- _Exercise instructions_: An exact repetition of the data is required; no picture should appear in it.

- _Provided data_:

+++++

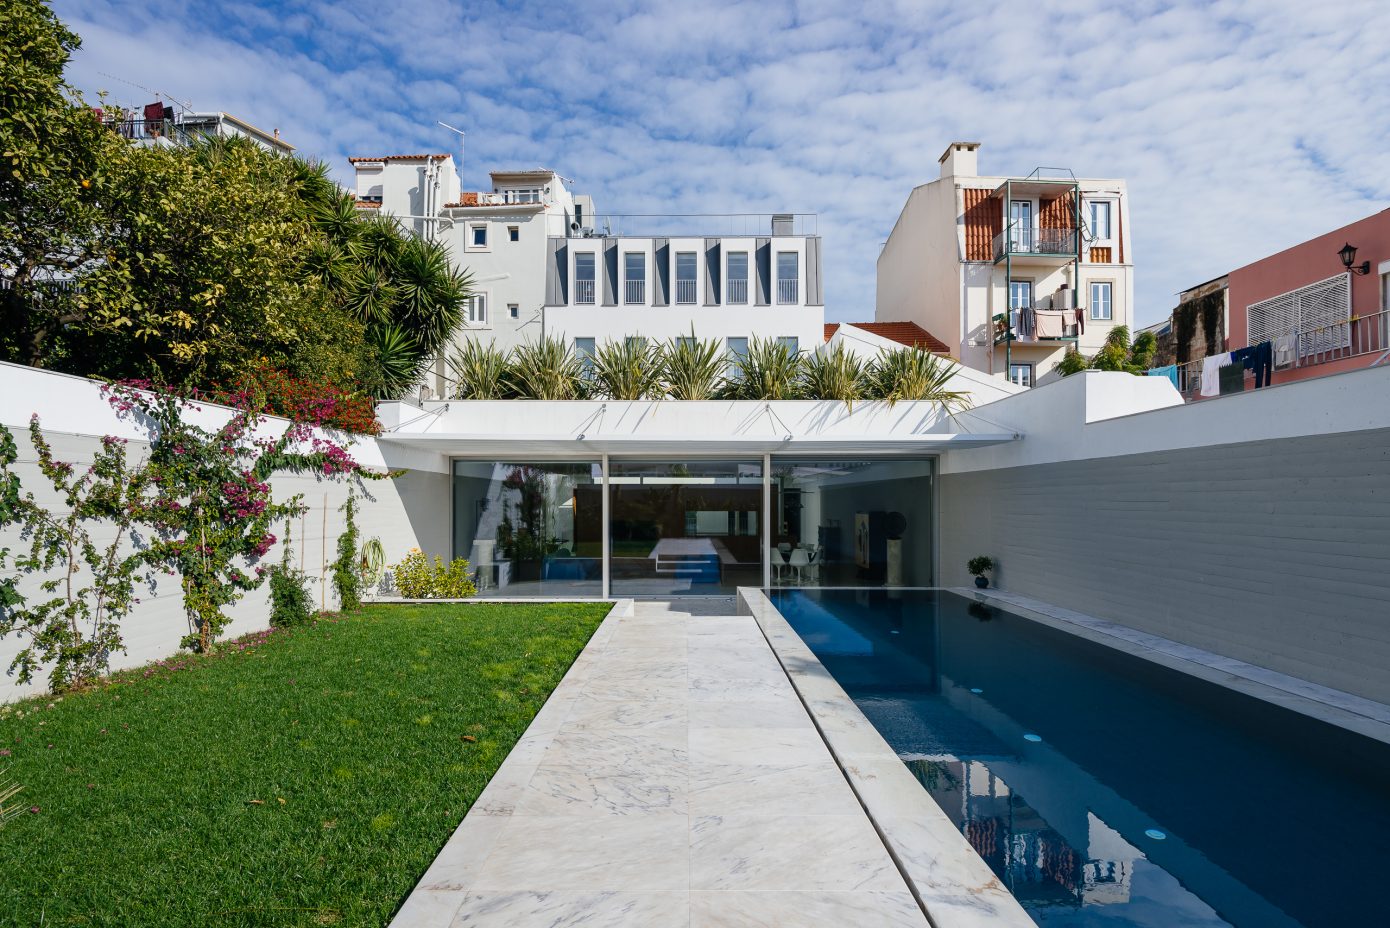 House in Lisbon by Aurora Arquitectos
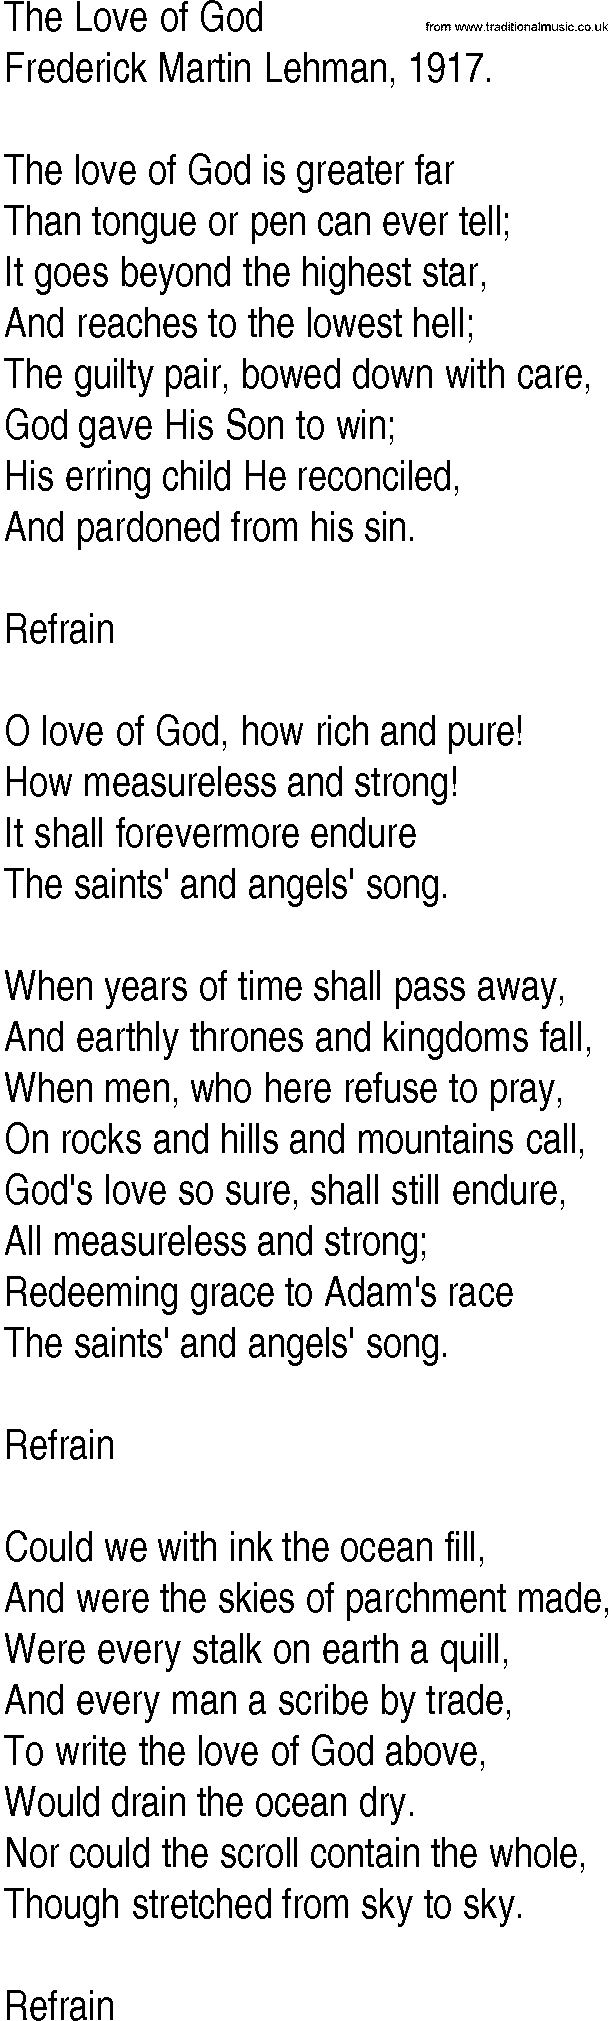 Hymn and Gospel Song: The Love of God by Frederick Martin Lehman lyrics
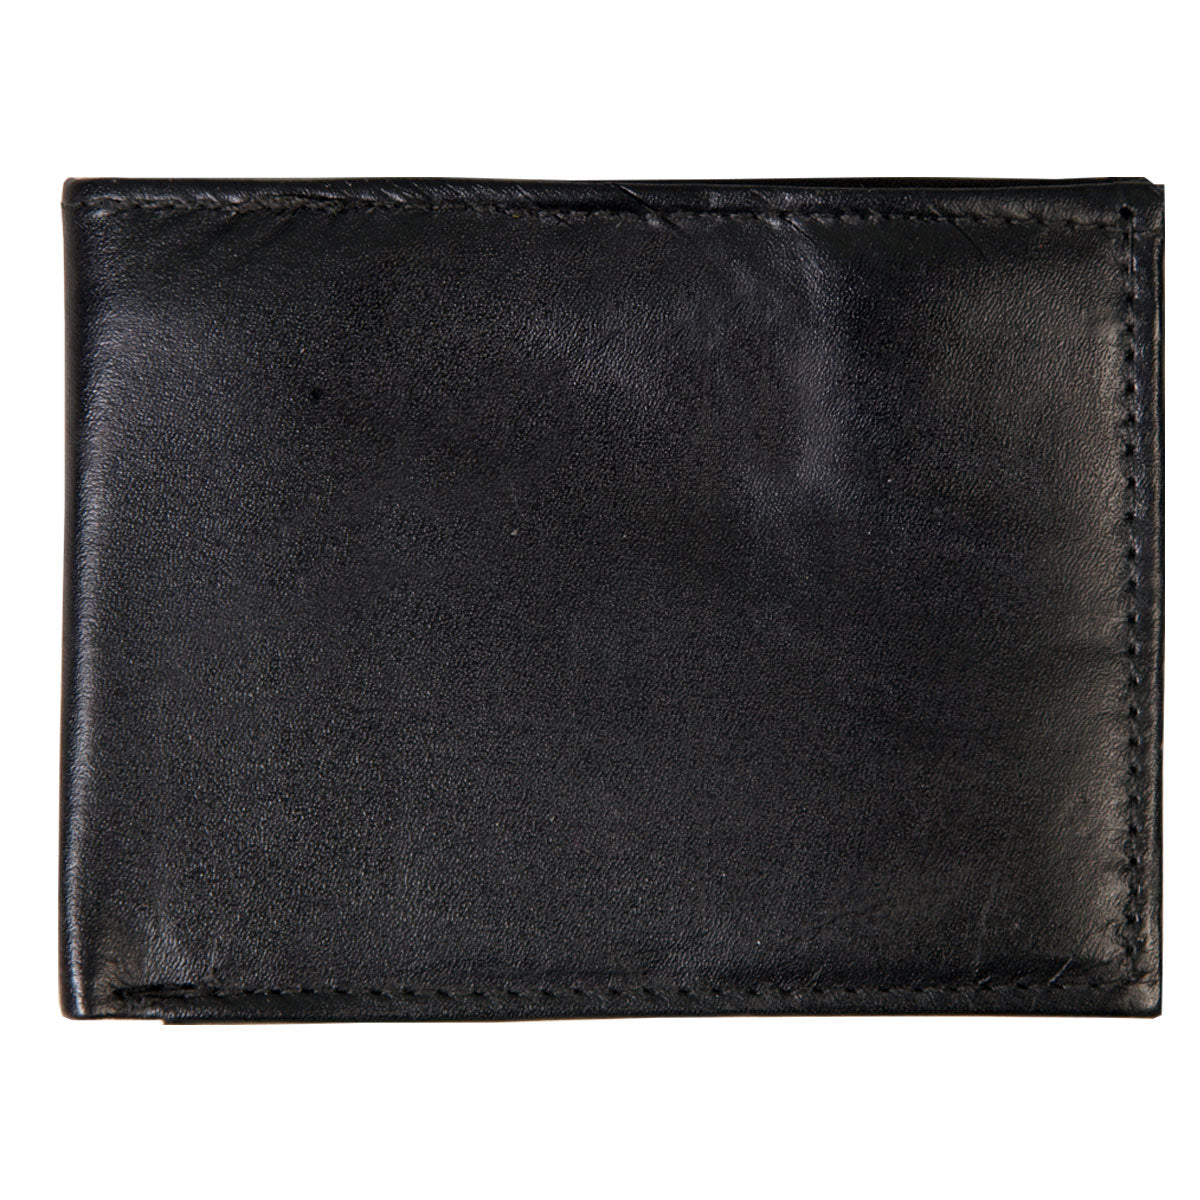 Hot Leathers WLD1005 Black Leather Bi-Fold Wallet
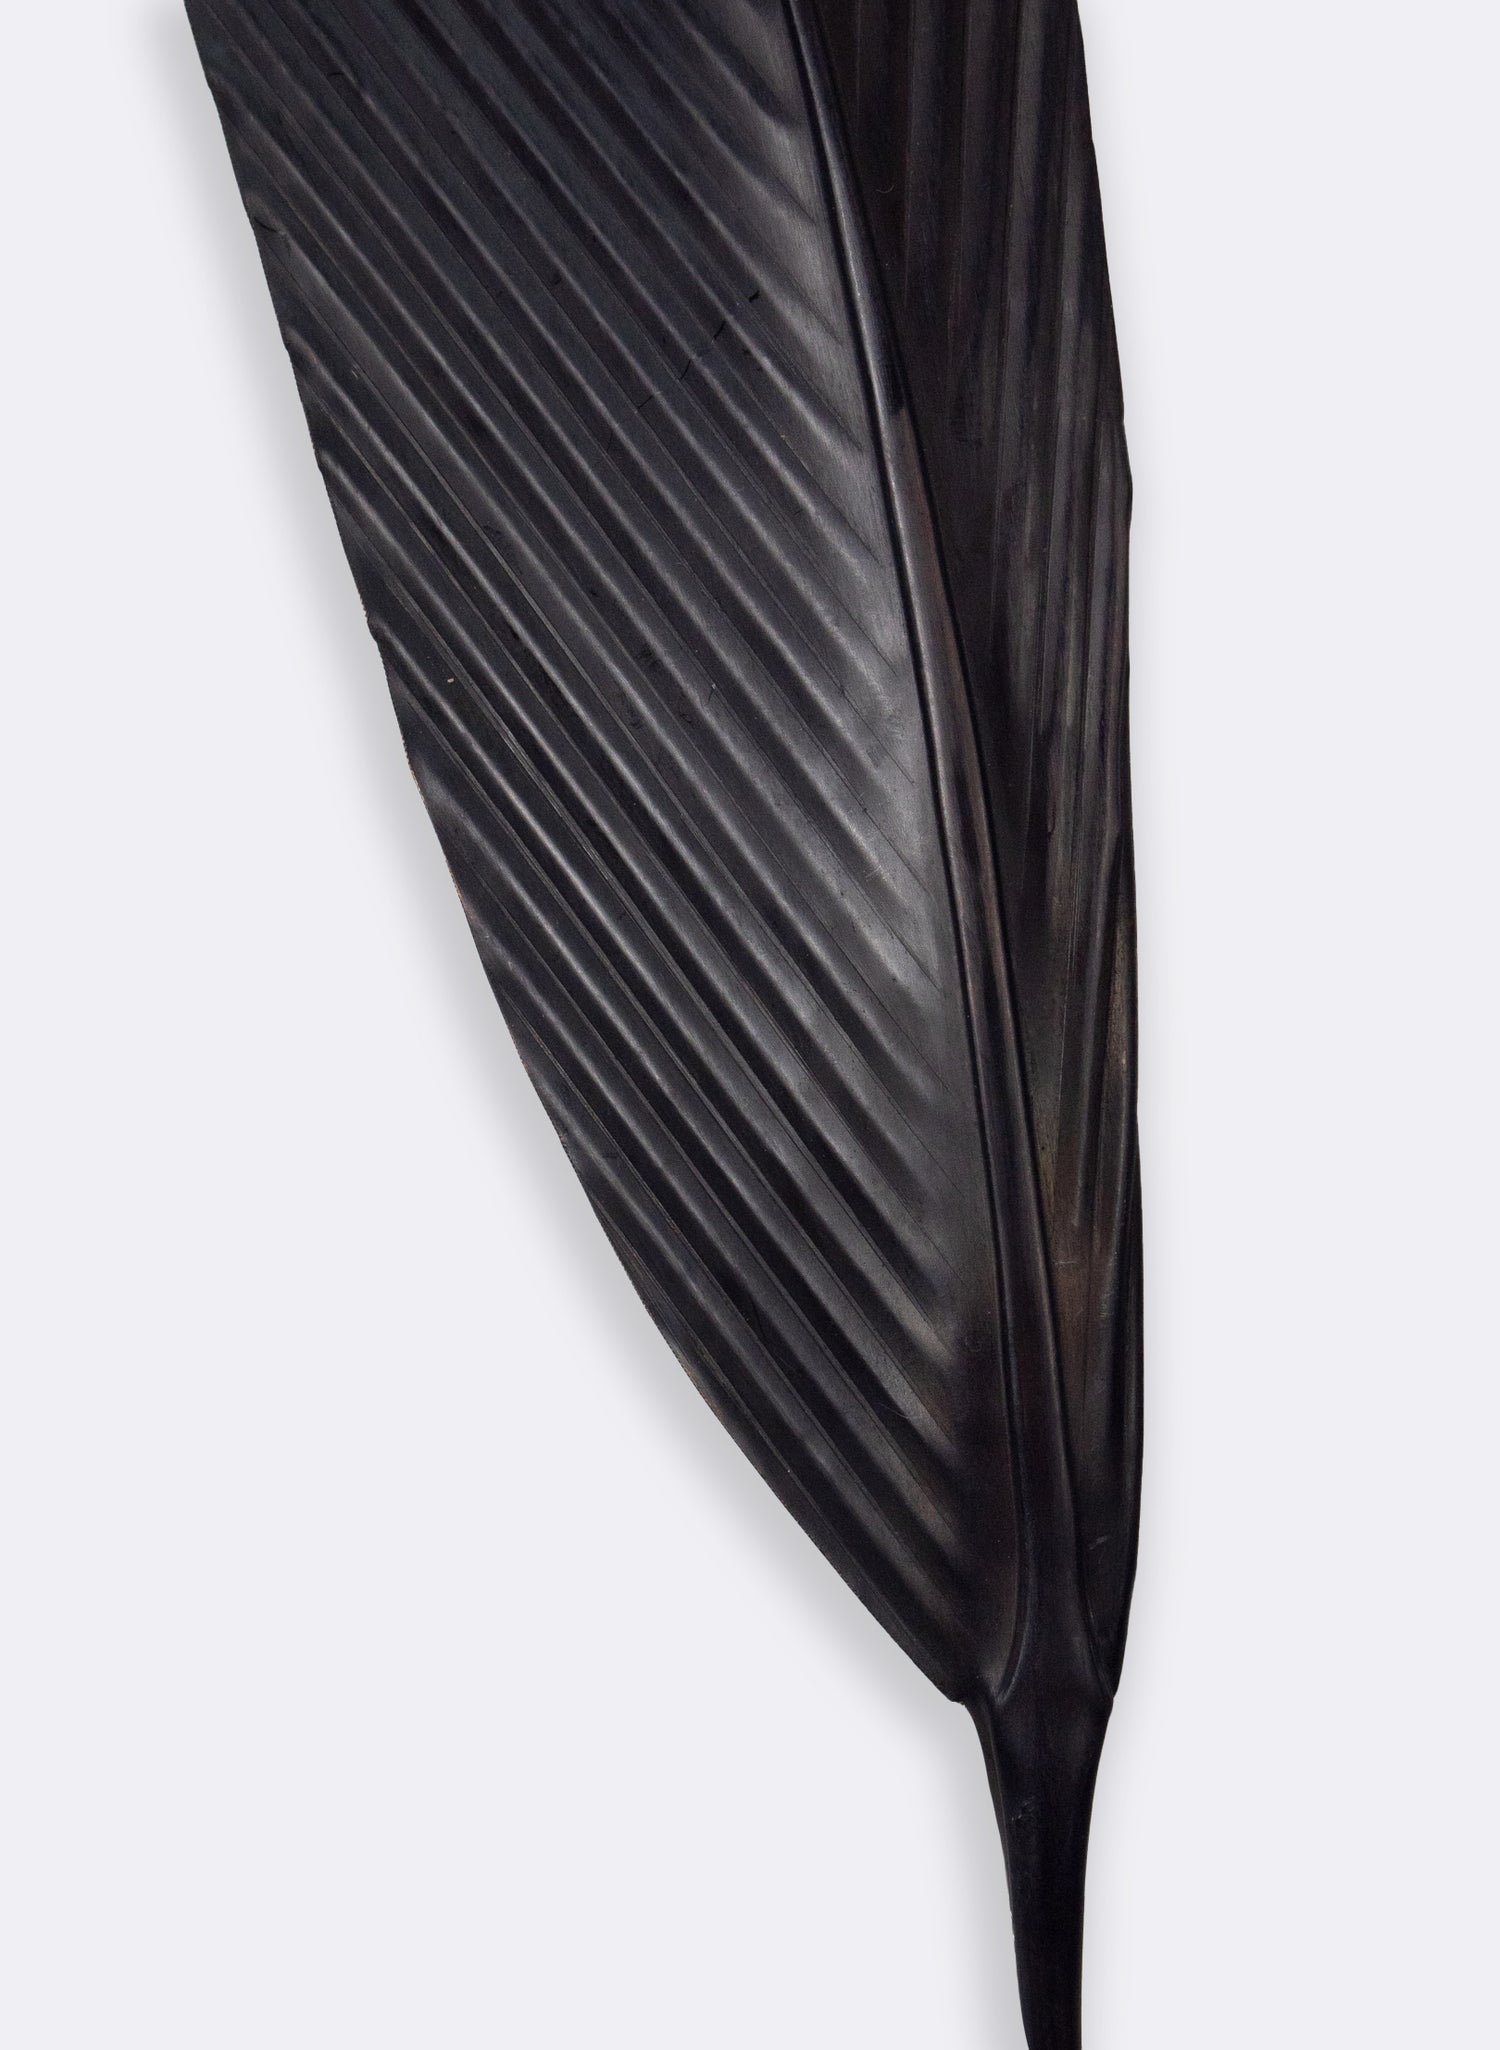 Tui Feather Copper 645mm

+++++

- _Worked solution_:
 House in Lisbon by Aurora Arquitectos
 Hymn and Gospel Song: The Love of God by Frederick Martin Lehman lyrics
 Hot Leathers WLD1005 Black Leather Bi-Fold Wallet
 Tui Feather Copper 645mm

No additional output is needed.